Find f'x given
f(x)= 1/(1+(1/(1+(1/x))))
nasty, until you note that
f(x) = (x+1)/(2x+1)
f'(x) = -1/(2x+1)^2
Very cute problem.
The answer is as cute!
Look at the table shown in:
http://prnt.sc/atvi6m
f(x) and f'(x) are given on the third row!
If you are in an exam, your teacher may not appreciate the "cute" answer. So let's work it out:
f(x)=1/(1+(1/(1+(1/x))))
If you work out the fractions, you will find that
f(x)=(x+1)/(2x+1)
Apply the quotient rule we solve readily:
f'(x)=[(2x+1)-2(x+1)]/(2x+1)²
=-1/(2x+1)²
If you have the patience to work out the right-hand side of the third line, you will find
f'(x)=-1/[((2x+1)/(x+1))²*((x+1)/x)²*(x)²]
=-1/(2x+1)²
as above.
To find the derivative of f(x), we can start by simplifying the function. Let's rewrite f(x) as follows:
f(x) = 1 / (1 + (1 / (1 + (1 / x))))
Now, let's simplify this expression further. To do this, we'll start from the innermost fraction and simplify the expression one step at a time:
1 + (1 / x)
= (x / x) + (1 / x) [Multiplying the first fraction by (x / x)]
= (x + 1) / x
Next, let's substitute this simplified expression back into the original function:
f(x) = 1 / (1 + (1 / ((x + 1) / x)))
Now, let's simplify the expression inside the parentheses:
1 / ((x + 1) / x)
= x / (x + 1) [Inverting the fraction by flipping the numerator and denominator]

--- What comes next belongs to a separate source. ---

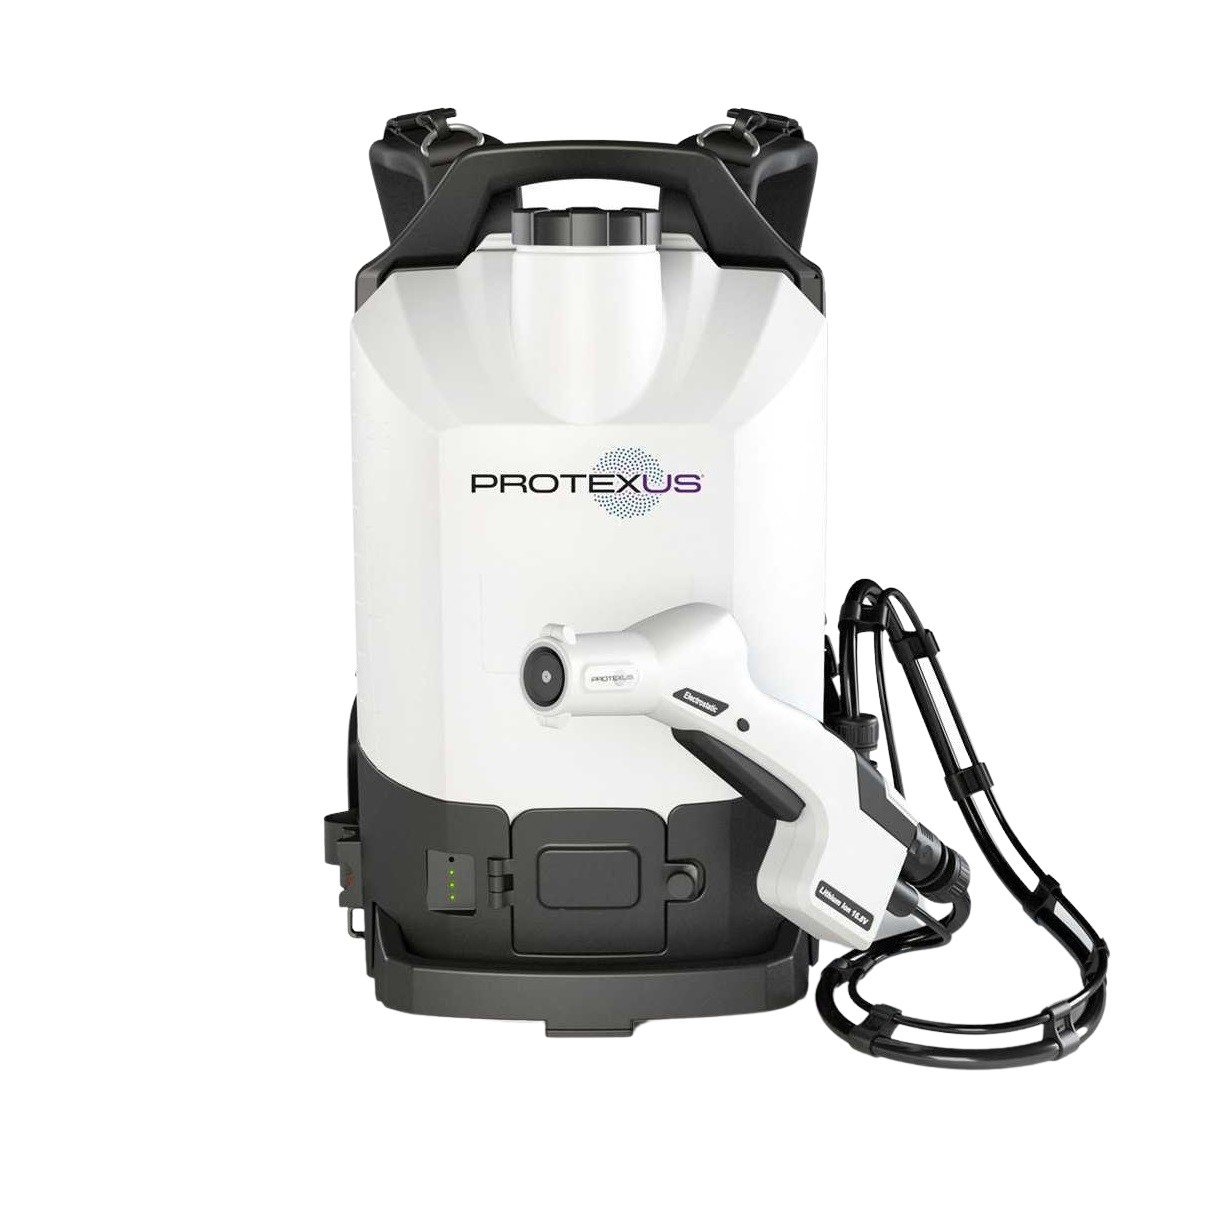 Protexus elektrostatisk sprayer - Backpack

Substituting this simplified expression back into the original function:
f(x) = 1 / (1 + (x / (x + 1)))
To find the derivative f'(x), we can use the quotient rule. The quotient rule states that if we have a function of the form f(x) = g(x) / h(x), where g(x) and h(x) are functions, then the derivative f'(x) is given by:
f'(x) = (g'(x) * h(x) - h'(x) * g(x)) / (h(x) ^ 2)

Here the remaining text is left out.